Outlook and Key Risks

Phio Pharmaceuticals anticipates incurring substantial additional operating losses for at least the next several years as it continues to develop its product candidates and pursue marketing approval. The immediate outlook includes the expected completion of PH-762 clinical trial enrollment in the third quarter of 2025. However, the IND submission for PH-894 has been deferred, reflecting a strategic reprioritization to advance the lead PH-762 program.

The investment thesis for Phio is underpinned by several key risks:

• Early Stage Development: PHIO's product candidates are in early stages of development, and there is no guarantee of successful clinical advancement, regulatory approval, or eventual commercialization.
• Funding Uncertainty: The company's ability to continue as a going concern relies heavily on securing additional capital, which may not be available on favorable terms or at all.
• Nasdaq Listing Compliance: Failure to maintain Nasdaq listing requirements could adversely affect market liquidity and investor confidence.
• Reliance on Third Parties: The company depends on third parties for manufacturing and clinical trial execution, introducing external dependencies.
• Competitive Landscape: Despite its technological differentiation, Phio faces intense competition from large, well-funded pharmaceutical companies with established market presence and diversified pipelines.

Conclusion

Phio Pharmaceuticals Corp. is a compelling, yet high-risk, investment proposition centered on its innovative INTASYL sd-rxRNA technology and a focused strategy in immuno-oncology. The company's pivot from broader therapeutic areas to a laser-sharp focus on cancer immunotherapy, underscored by its name change, reflects a clear vision to address significant unmet needs, particularly in expanding adoptive cell therapies to solid tumors.

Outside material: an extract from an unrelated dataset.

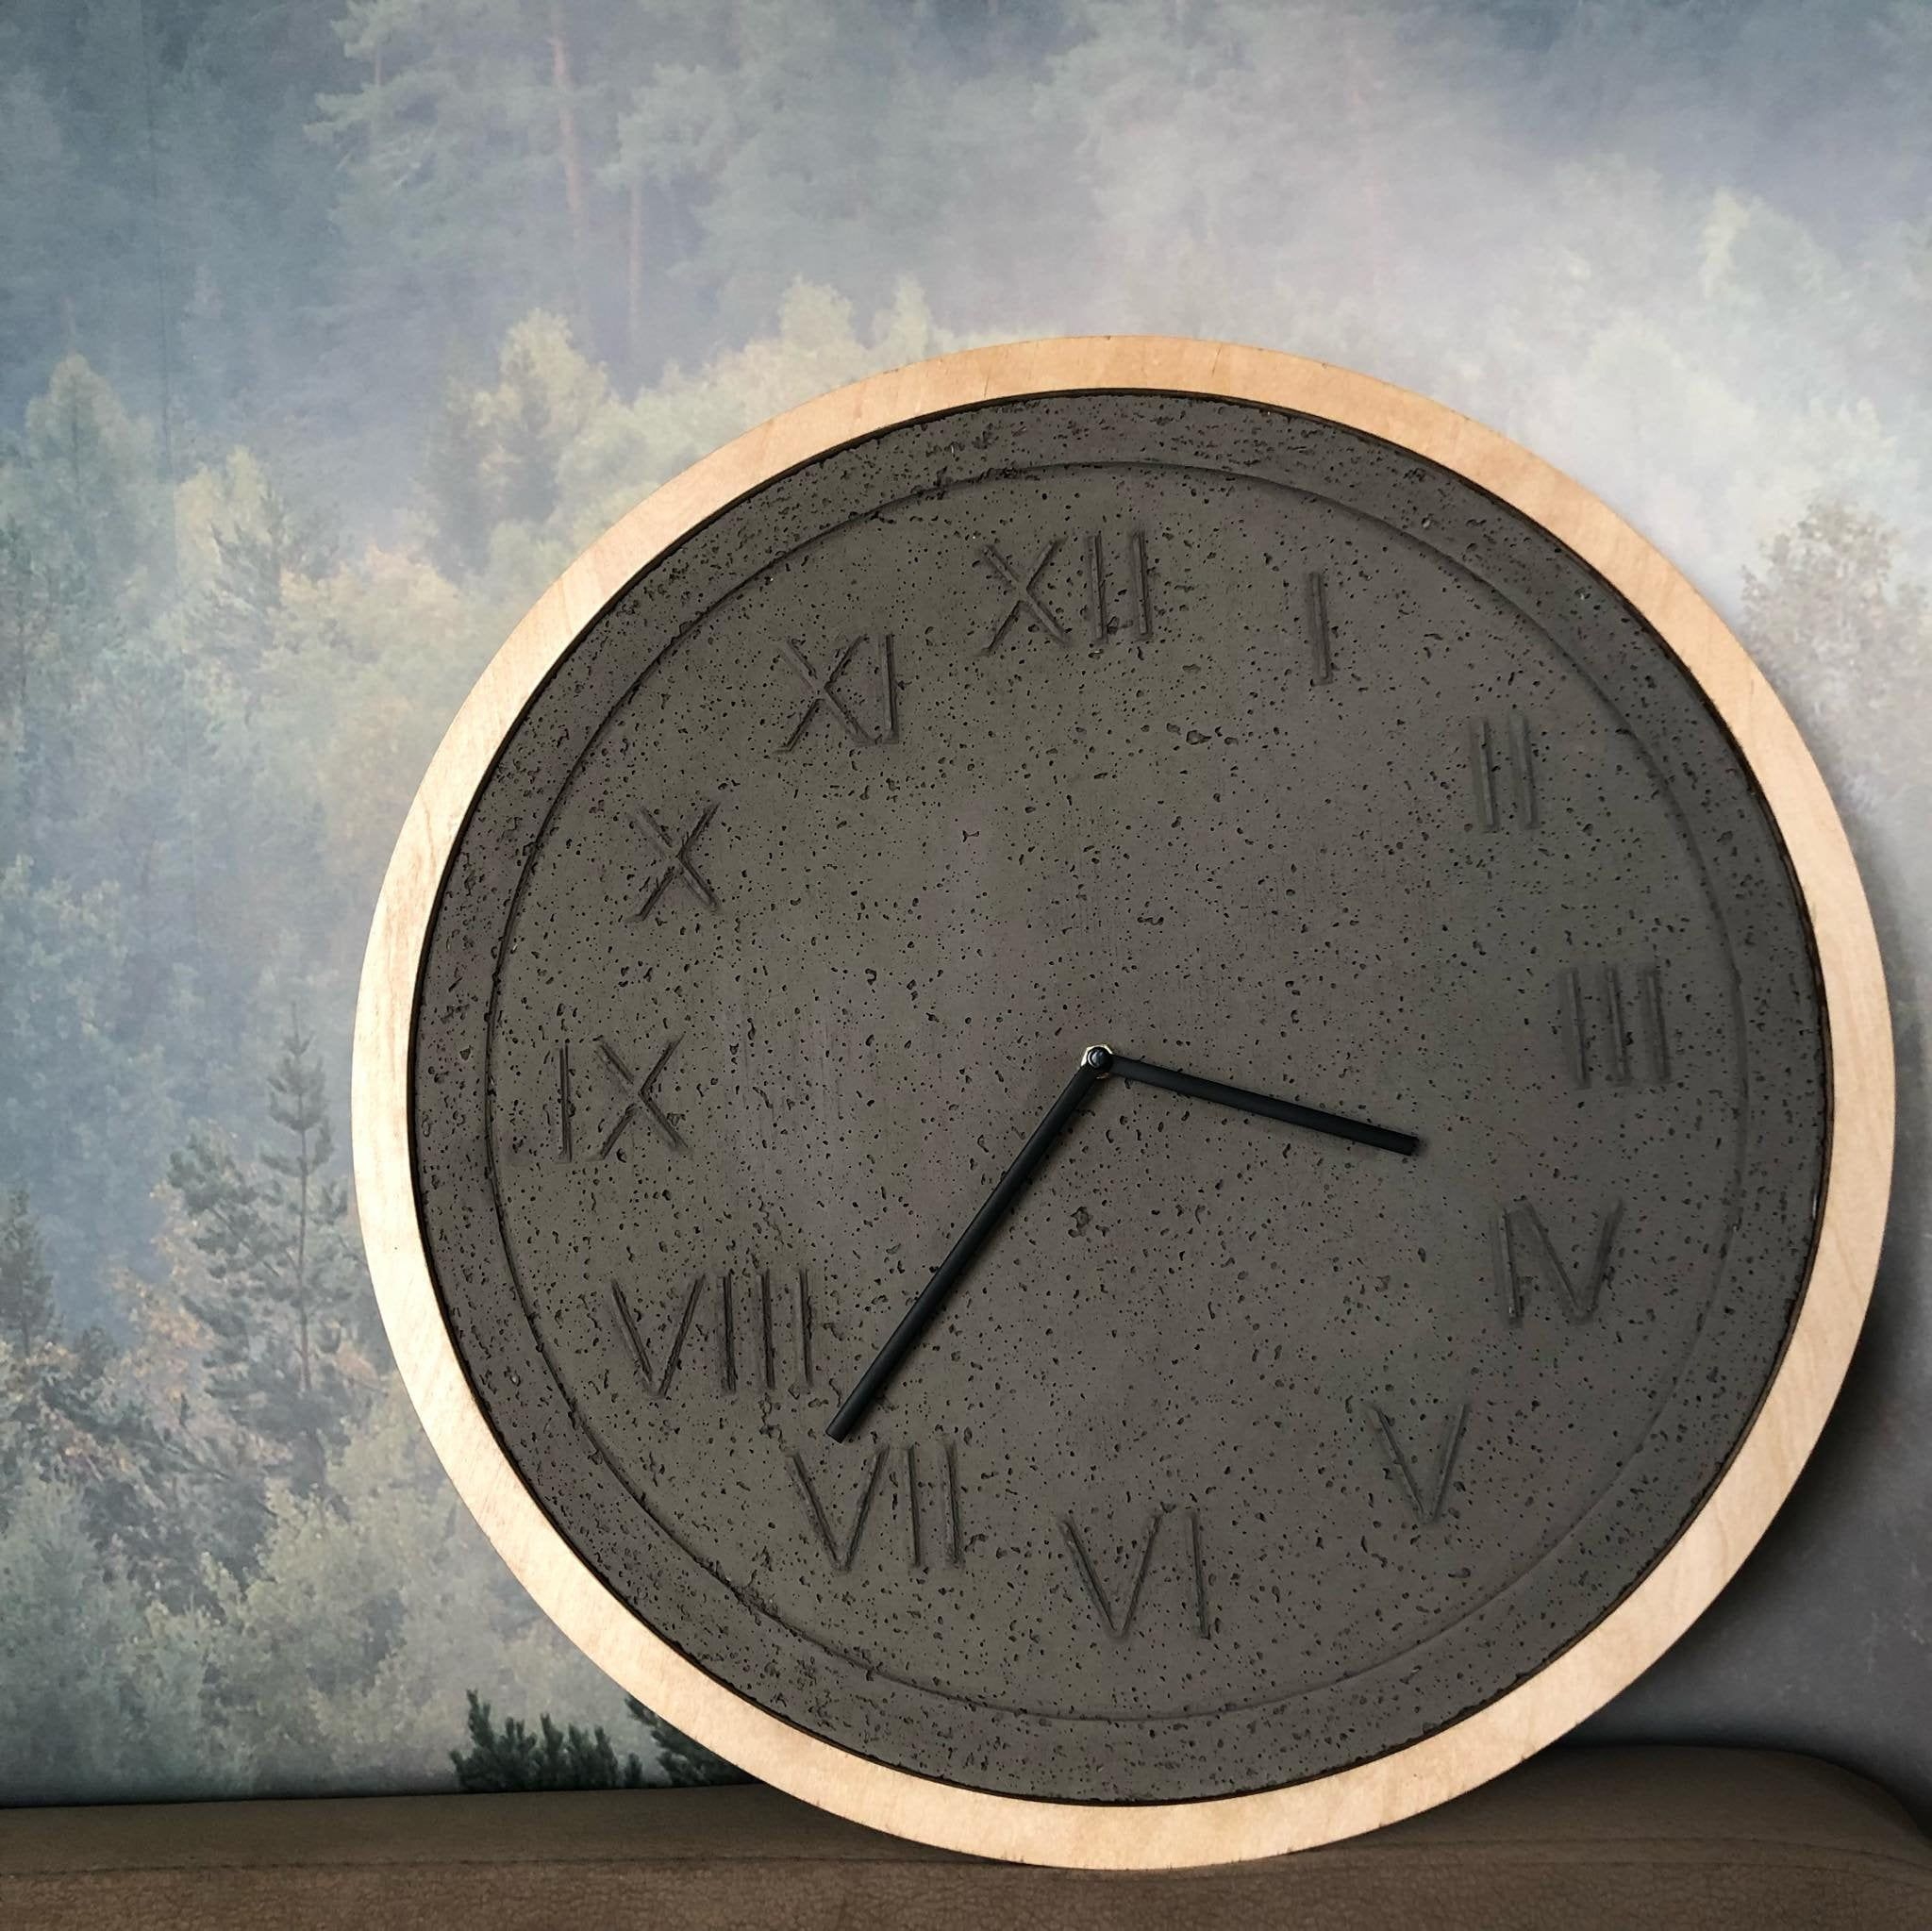 Concrete Clock Wall Clock Concrete Wooden Large Wall Clock Wood Concrete Clock Unique Wall Clock Modern Wall Clock Handmade Clock Unique Wall Clocks Wall Clock Modern Wall Clock

The early clinical data for PH-762, demonstrating promising tumor responses and a favorable safety profile in its Phase 1b trial, provides critical validation for the INTASYL platform. This technology's ability to precisely target genes, enhance immune cell function without complex delivery, and tackle "undruggable" targets positions Phio as a niche innovator against the scale of large pharmaceutical competitors. While the company faces the inherent financial challenges of a clinical-stage biotech, including recurring losses and a stated "going concern" risk, recent capital raises have provided a crucial runway into the second quarter of 2026. The success of Phio's strategic collaborations and the continued advancement of its pipeline, particularly PH-762, will be paramount in translating its technological leadership into sustained value creation and overcoming the competitive pressures of the dynamic immuno-oncology market.